• [Problem]: The whole listing below, with no pictures, is to be repeated as it stands.
::: Stored data :::
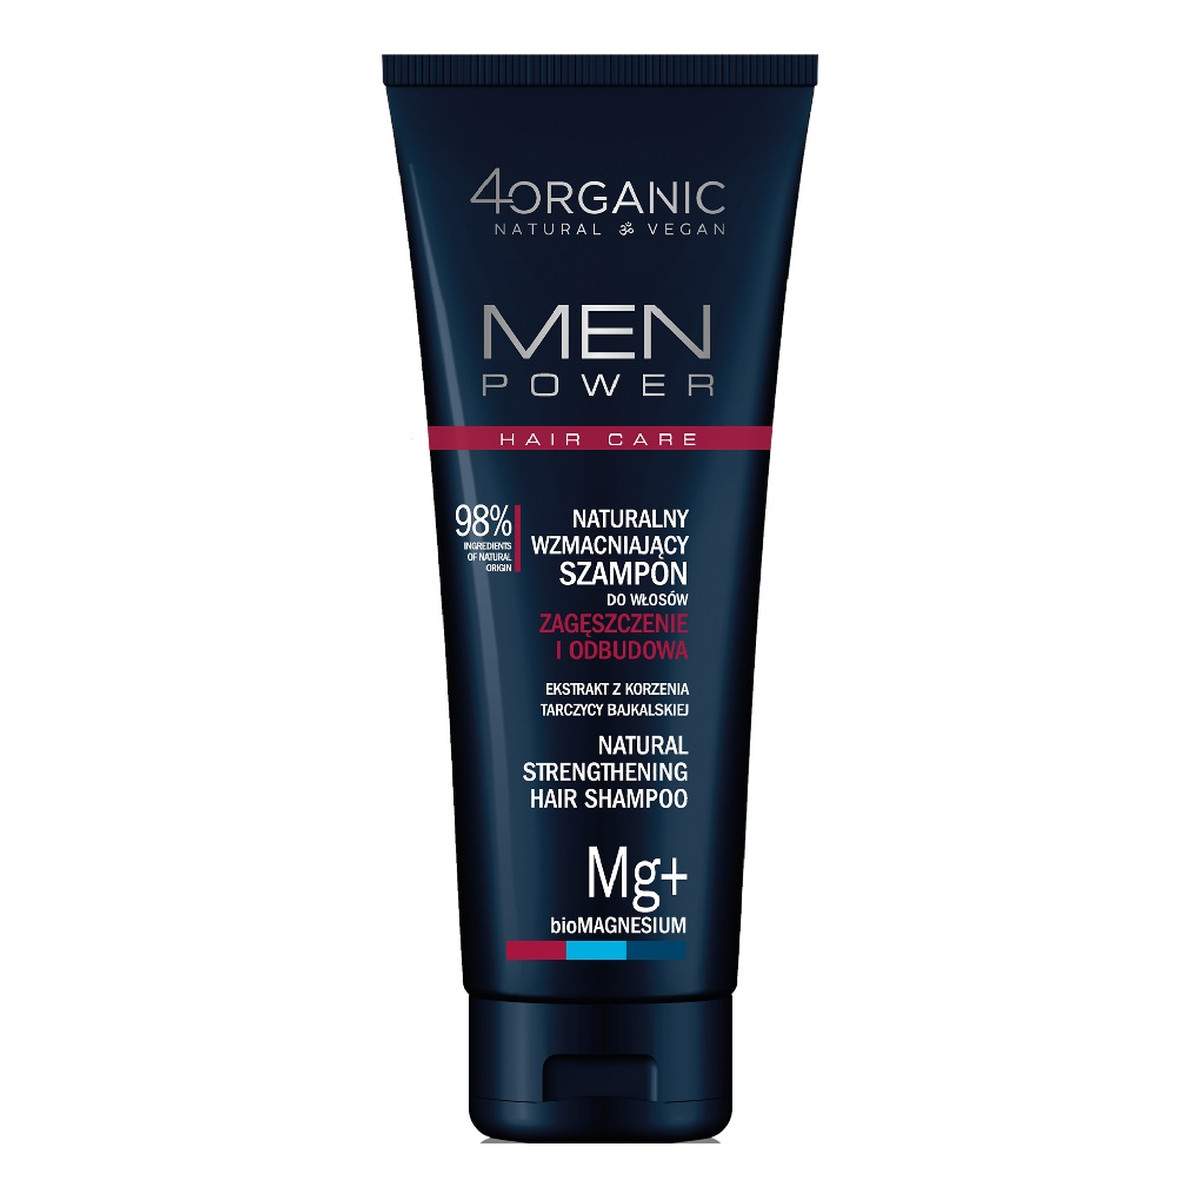 4organic Men power naturalny wzmacniający szampon do włosów zagęszczenie i odbudowa 250ml
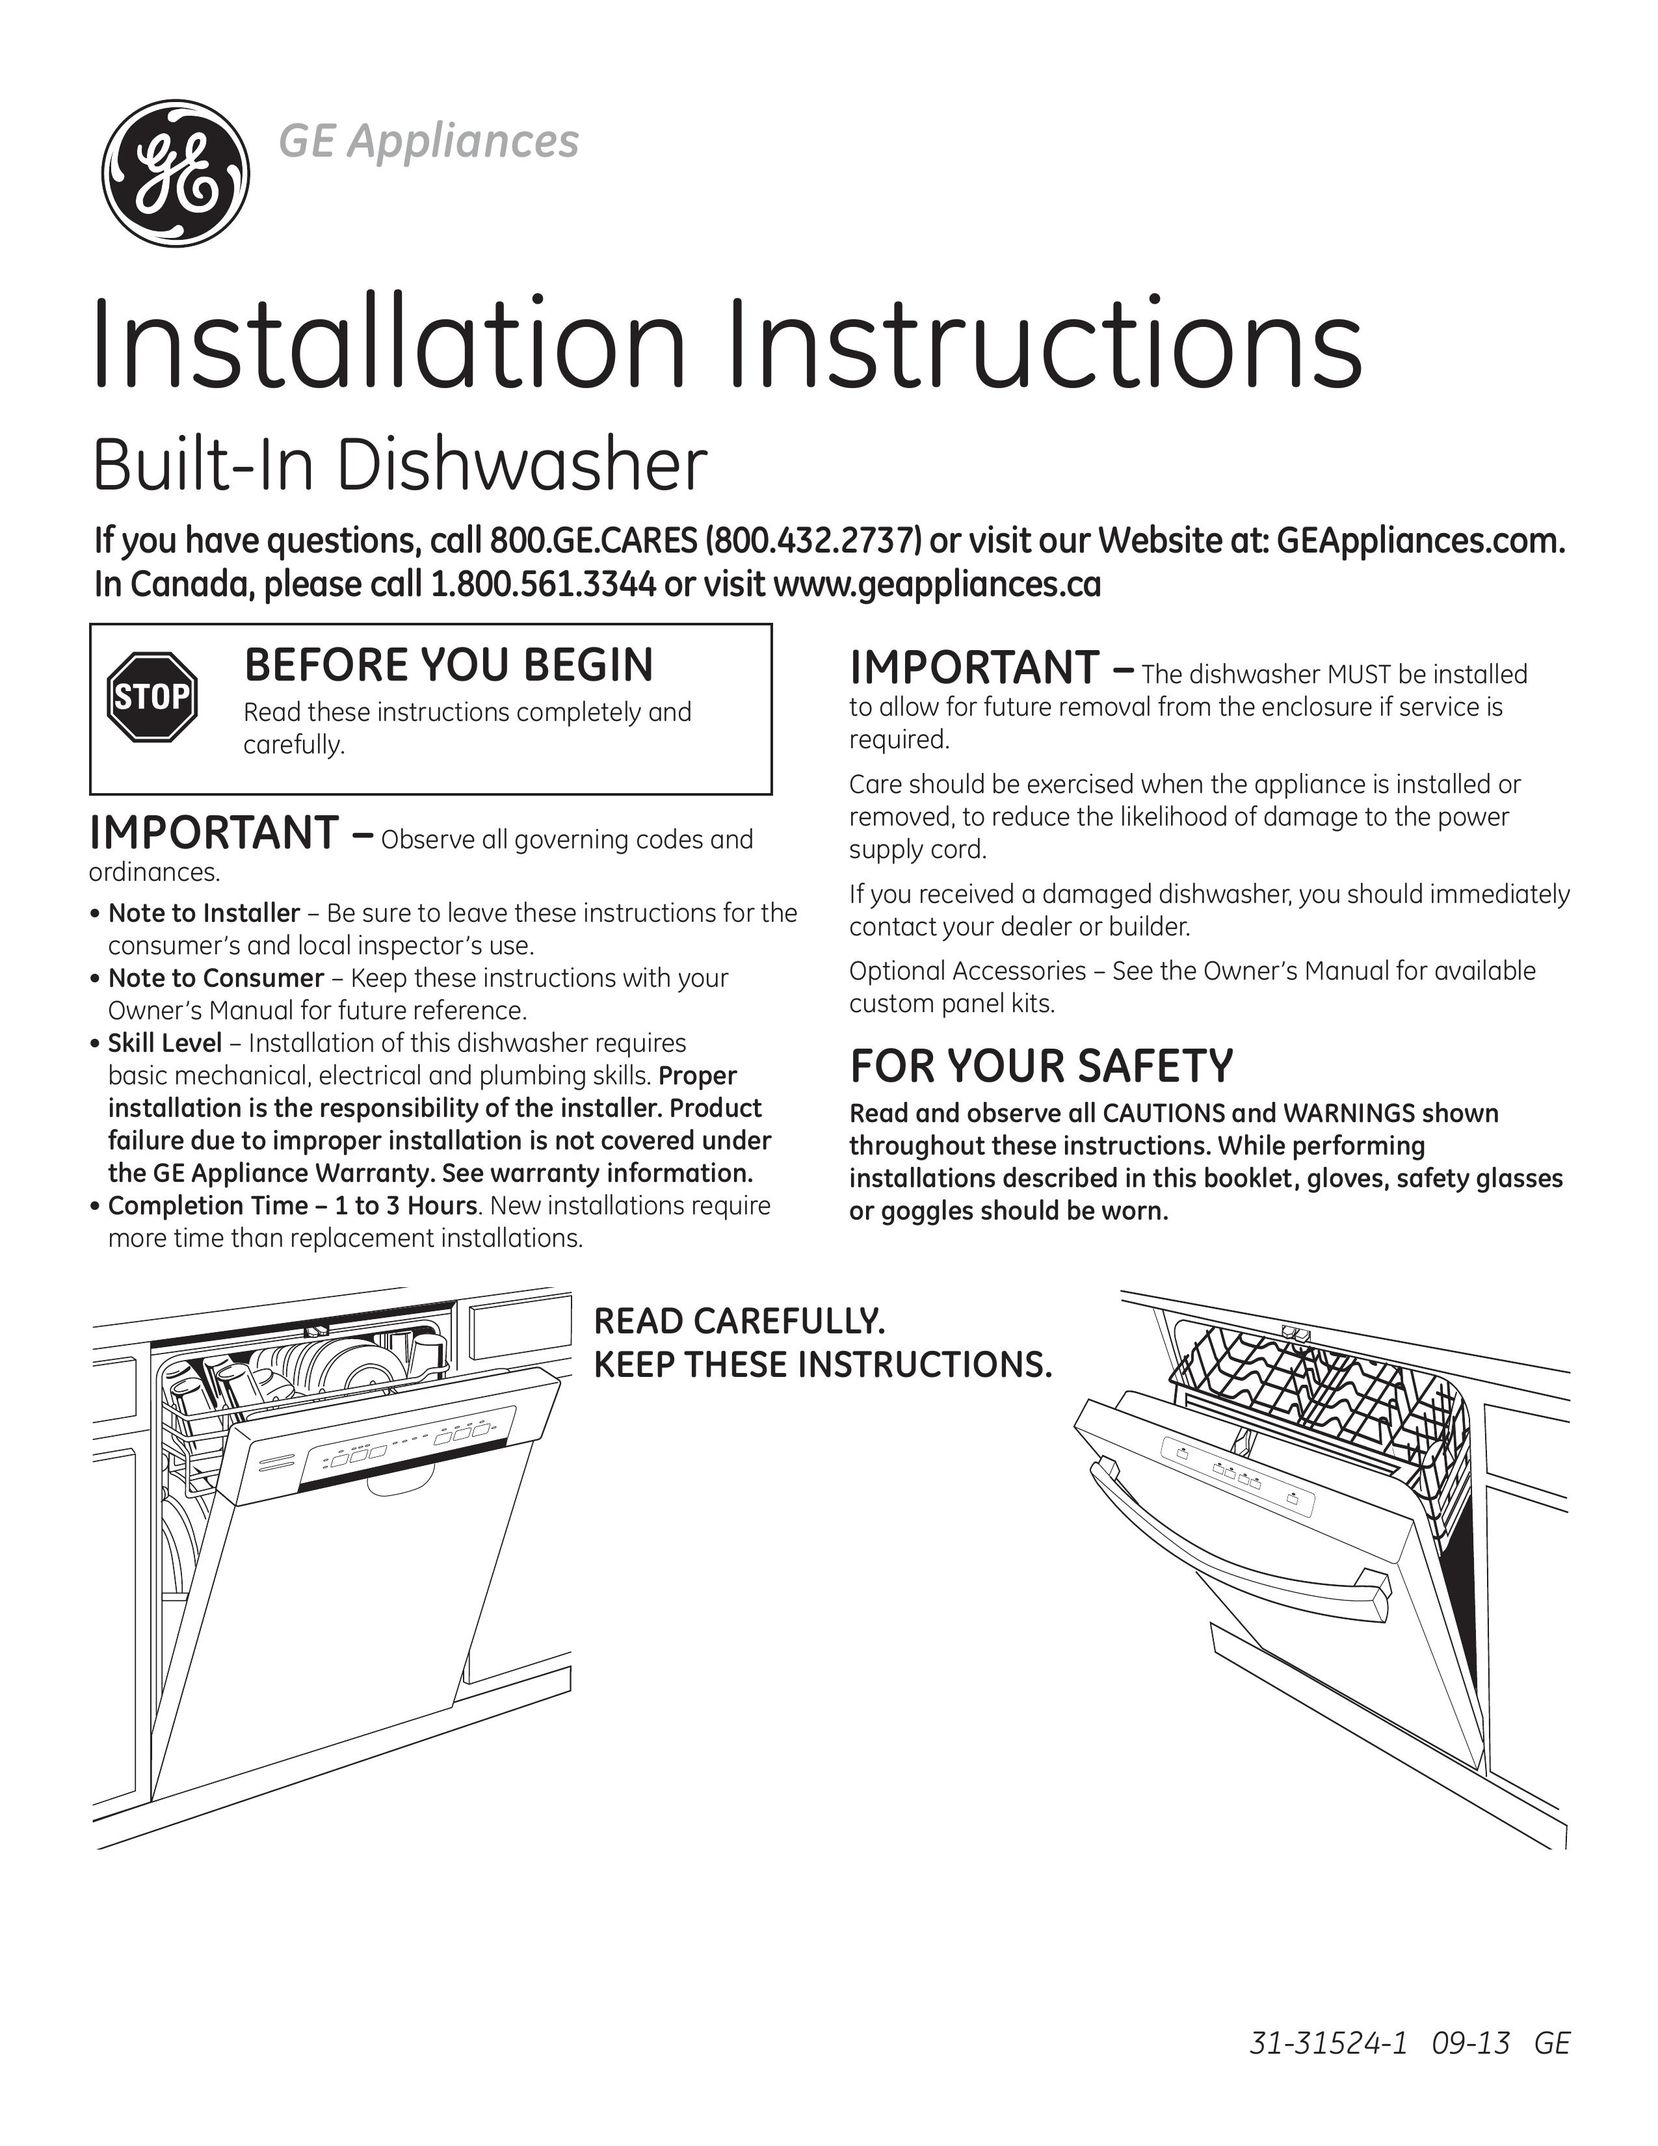 GE 31-31524-1 09-12 GE Dishwasher User Manual
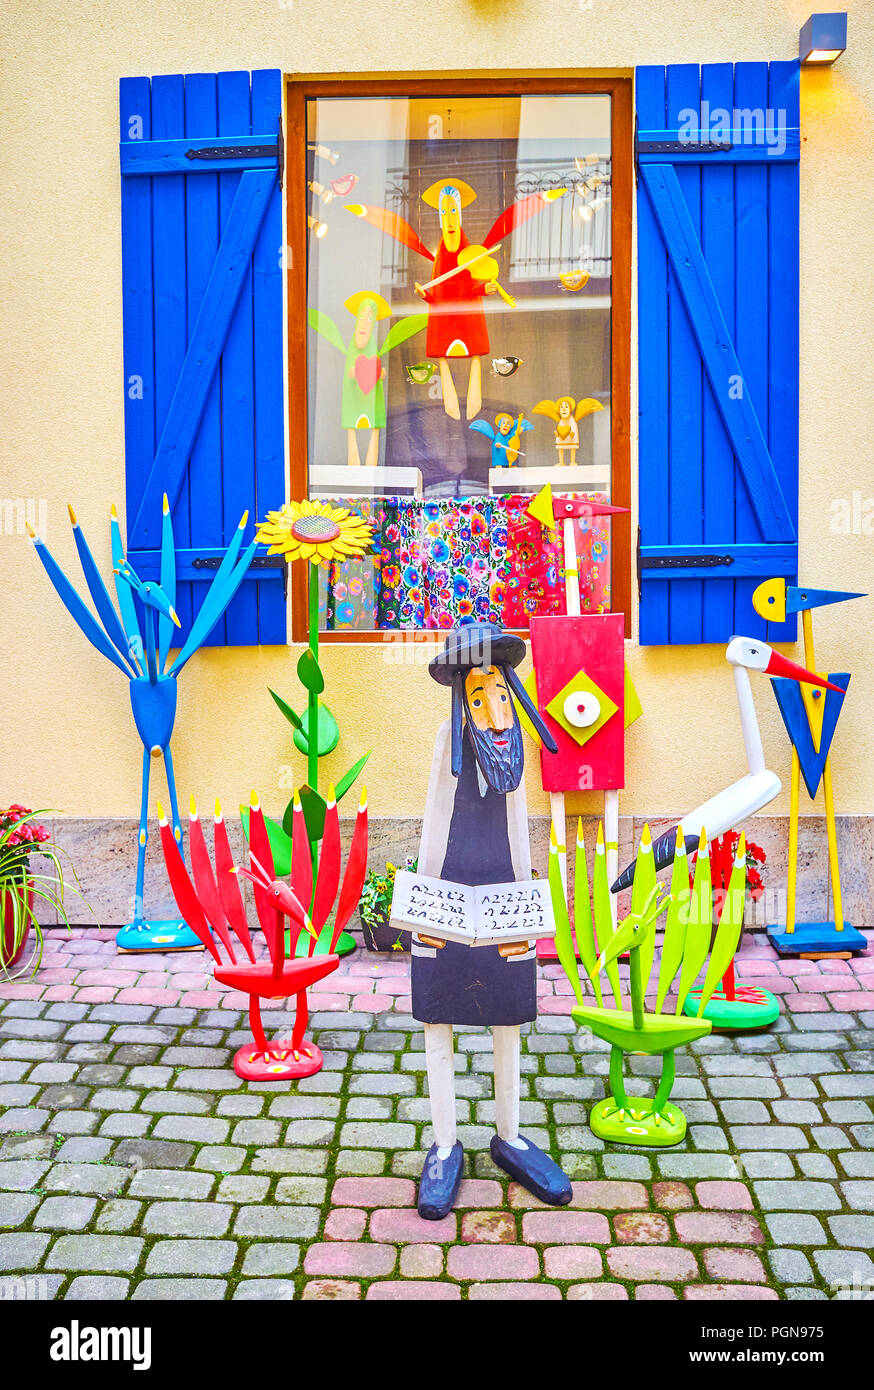 Die handgefertigten Holzmöbeln Statuette in Form von jungen hasid lesen Thora, mit verschiedenen anderen Holzspielzeug in Kazimierz in Krakau, Polen, umgeben Stockfoto
:::
• [Your response]:
 4organic Men power naturalny wzmacniający szampon do włosów zagęszczenie i odbudowa 250ml
 GE 31-31524-1 09-12 GE Dishwasher User Manual
 Die handgefertigten Holzmöbeln Statuette in Form von jungen hasid lesen Thora, mit verschiedenen anderen Holzspielzeug in Kazimierz in Krakau, Polen, umgeben Stockfoto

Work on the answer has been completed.